Crystal Prison Zone: 2019

It's been a rich week of readings for wondering just what the hell we're doing. Loyka et al. (2019) present a framework for considering external validity, and this framework reminds us just how poorly we are doing at considering actual real-world human behavior. Tal Yarkoni has a preprint up that describes how implausible it is that the situations and stimuli we study will generalize to other situations and stimuli. Danielle Navarro has clarified her stance on preregistration by elaborating on how misguided she perceives hypothesis testing to be. Together, these articles remind us of the importance of studying the thing we actually care about, rather than what's convenient, because chances are that our findings won't generalize as simply as we expect, because a significant p-value only means that the null is wrong, and not that the alternative is correct.

These readings reminded me of some thoughts I'd jotted down following APA 2019. I'd been invited to present some of my research on violent video games. While I had a great session and had a lot of fun talking to a receptive audience about issues like measurement validity and publication bias, the overall APA experience was personally challenging. This is because one of the major themes of APA 2019 was gun violence and what the APA can do about it.

I attended a number of interesting sessions with presenters who studied actual violence by working and serving in communities, doing ride-alongs with police, interviewing people who had suffered violence and had perpetrated violence. This was draining in two ways.

First, there's a lot of human suffering out there. One presenter had found that many felons serving prison sentences for gun violence had themselves been victims of gun violence, often as early as age 14. He further found that, when people knew who shot them, they were less likely to tell the police. They trust the police so little that they would prefer to settle the score themselves, and the police are just somebody you can dump your cold cases on as one last hail mary. A mother from Newtown was there. Both of her children had been shot in the massacre. One died. She described crying until the capillaries burst in both her eyes. One gets the feeling that tragedy cannot be prevented and that many people are doomed to poverty and violence from the moment they're born.

Second, it made me frustrated with how far removed we are from the actual societal problem we want to study. We want to prevent gang violence, child abuse, intimate partner violence, bullying, aggressive driving, and harassment. Instead of studying the community members of South- and West-Side Chicago, we study college undergraduates, a bunch of nerds who would rather read a book than fight somebody and generally have enough money and safety to be able to do just that. Instead of studying shootings or fights or abuse, we study how much hot sauce these undergrads pour for each other or whether they think a rude RA should be able to keep their job. We even use proxies of proxies -- when it's too much trouble to see how much hot sauce they'll pour for somebody, we give them KI__ and watch whether they fill it in as KILL or KISS.

One of the APA speakers closed by reference to the old joke about the drunkard looking for his keys. The drunk is looking for his keys under the streetlight. A friend joins him and helps him look for a while, with no progress. Eventually the friend, exasperated, says "Let's try something different. Where did you last see your keys?" The drunk says "I dropped my keys over there in the bushes." The bewildered friend asks "Well then, why are we searching over here by the streetlight?" To which the drunk replies "Well, the light's good over here, and I'm afraid of the dark."

The light's good over here playing parlor tricks with college undergraduates and hot sauce. And it's certainly less scary than trying to get out in the rough parts of Chicago!

It's possible that I'm not well read and that there's a lot of great aggression research going on that studies these real problems. But mostly I see us running little experiments with just-significant results, or running survey designs that tell us something obvious and hopelessly confounded. Interviews and ethnography and field work seem to be for sociologists or criminologists, not psychologists.

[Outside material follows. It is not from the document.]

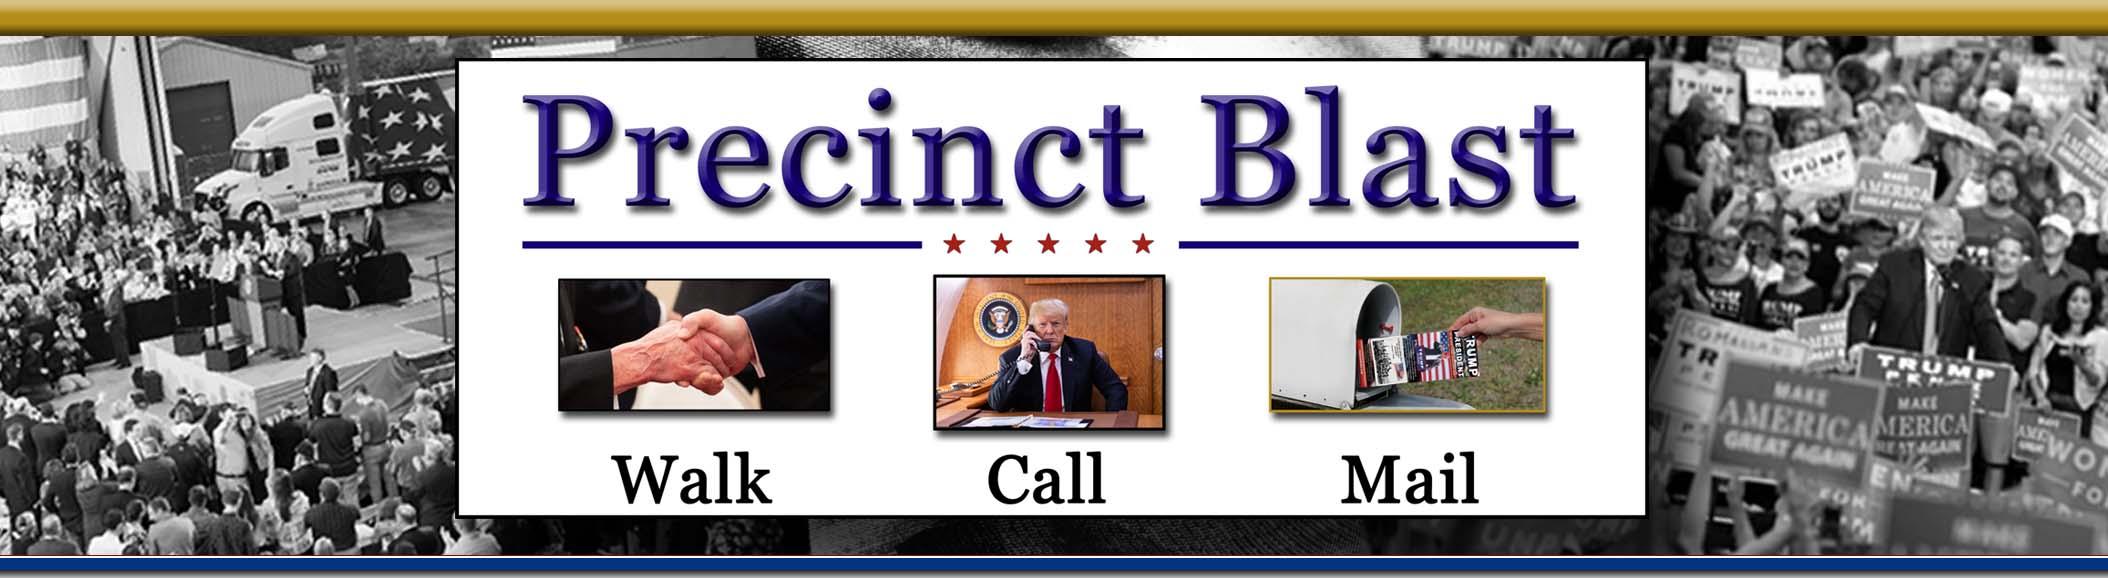 Precinct Blast
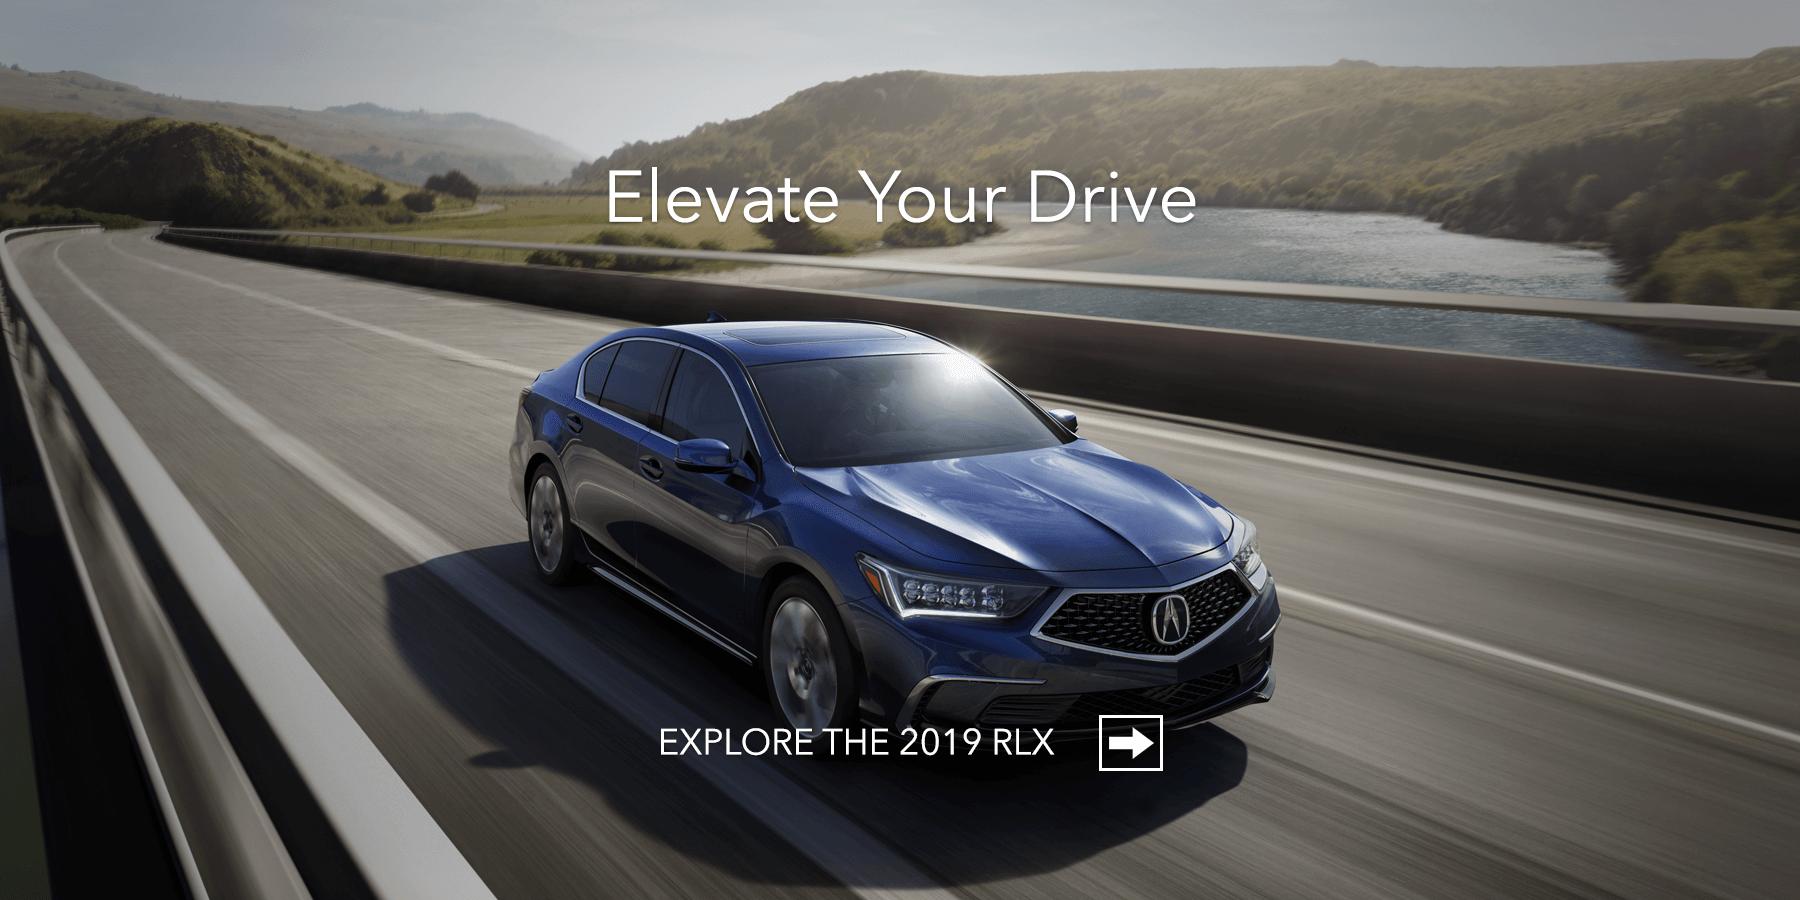 2019 Acura RLX Fathom Blue Pearl Front Angle HP Slide

What am I doing about it? Not much. For now, I'm doing my part by trying to test the convergent validity of our lab measures and see whether they actually agree with each other (preliminary answer: they don't). I often worry about my career, because I've never "discovered" some effect. You could do a decent job summarizing my last ten years as digging a deeper and deeper hole in what we think we already know, hoping to find some sort of bedrock that we can build from. So far, I'm still shoveling, assessing publication bias, failing to replicate findings, criticizing too-good-to-be-true results, and trying to figure out if our measures are at all valid and reliable.

I like the work that I do, and I think it's the best work I can do given my skills and resources and timeframe. But that work could be much more valuable if I could get out into the actual populations and environments that we're worried about. I had an RA with a connection at a maximum-security prison, but I wasn't able to pursue the lead aggressively enough and it slipped through my fingers. I'm not particularly smooth or adventurous, so I'm not enthusiastic about going into communities to understand gun violence. I'm pre-tenure, so what makes the most sense for me career-wise is to stick to doing more of the same research with college undergrads and MTurk workers. Maybe try to find some sort of eyebrow-raising lab effect that I can wildly extrapolate from.

I'm not sure what to recommend. As a field, we probably recalibrate our expectations; we can't expect a scientist to make three or four noteworthy, generalizable discoveries a year. Getting actionable and generalizable psychological findings will probably require orders of magnitude more effort and investment. We can make psychological science prepared for that investment by trying to improve the transparency and honesty of that process.

I'm gonna try to read more sociology and criminology. Maybe they know something we don't?

Recent research by Chang & Bushman (2019) reports how video games may cause children to be more likely to play with a real handgun. In this experiment, children participate in the study in pairs. They play one of three versions of Minecraft for 20 minutes. One version has no violence (control), another has monsters that they fight with swords (sword violence), and another has monsters that they fight with guns (gun violence).

The children are then left to play in a room in which, hidden in a drawer, are two very real 9mm handguns. The handguns are disabled -- their firing mechanism has been taken out and replaced with a clicker that counts the number of trigger pulls. But these guns look and feel like the real thing, so one would hope that a child would not touch them or pull their triggers.

The authors report four study outcomes: whether the kid touches the gun, how long they hold the gun, how many times they pull the trigger, and how many times they pull the trigger while the gun is pointed at somebody (themself or the other kid).

I think it's an interesting paradigm. The scenario has a certain plausibility about it, and the outcome is certainly important. It must have been a lot of work to get the ethics board approval.

However, the obtained results depend substantially on the authors' decision to exclude two participants from the control group for playing with the guns a lot. I feel that this is an inappropriate discarding of data. Without this discard, the results are not statistically significant.

Overinterpretation of marginal significance

The results section reports one significant and three marginally significant outcomes:

"The difference [in handgun touching] across conditions was nonsignificant [...]" (p = .09)
"The gun violence condition increased time spent holding a handgun, although the effect was nonsignificant [...]" (p = .080)
"Participants in the gun violence condition pulled the trigger more times than participants in other conditions, although the effect was nonsignificant [...]" (p = .097)
"Participants in the violent game conditions pulled the trigger at themselves or their partner more than participants in the nonviolent condition." (p = .007)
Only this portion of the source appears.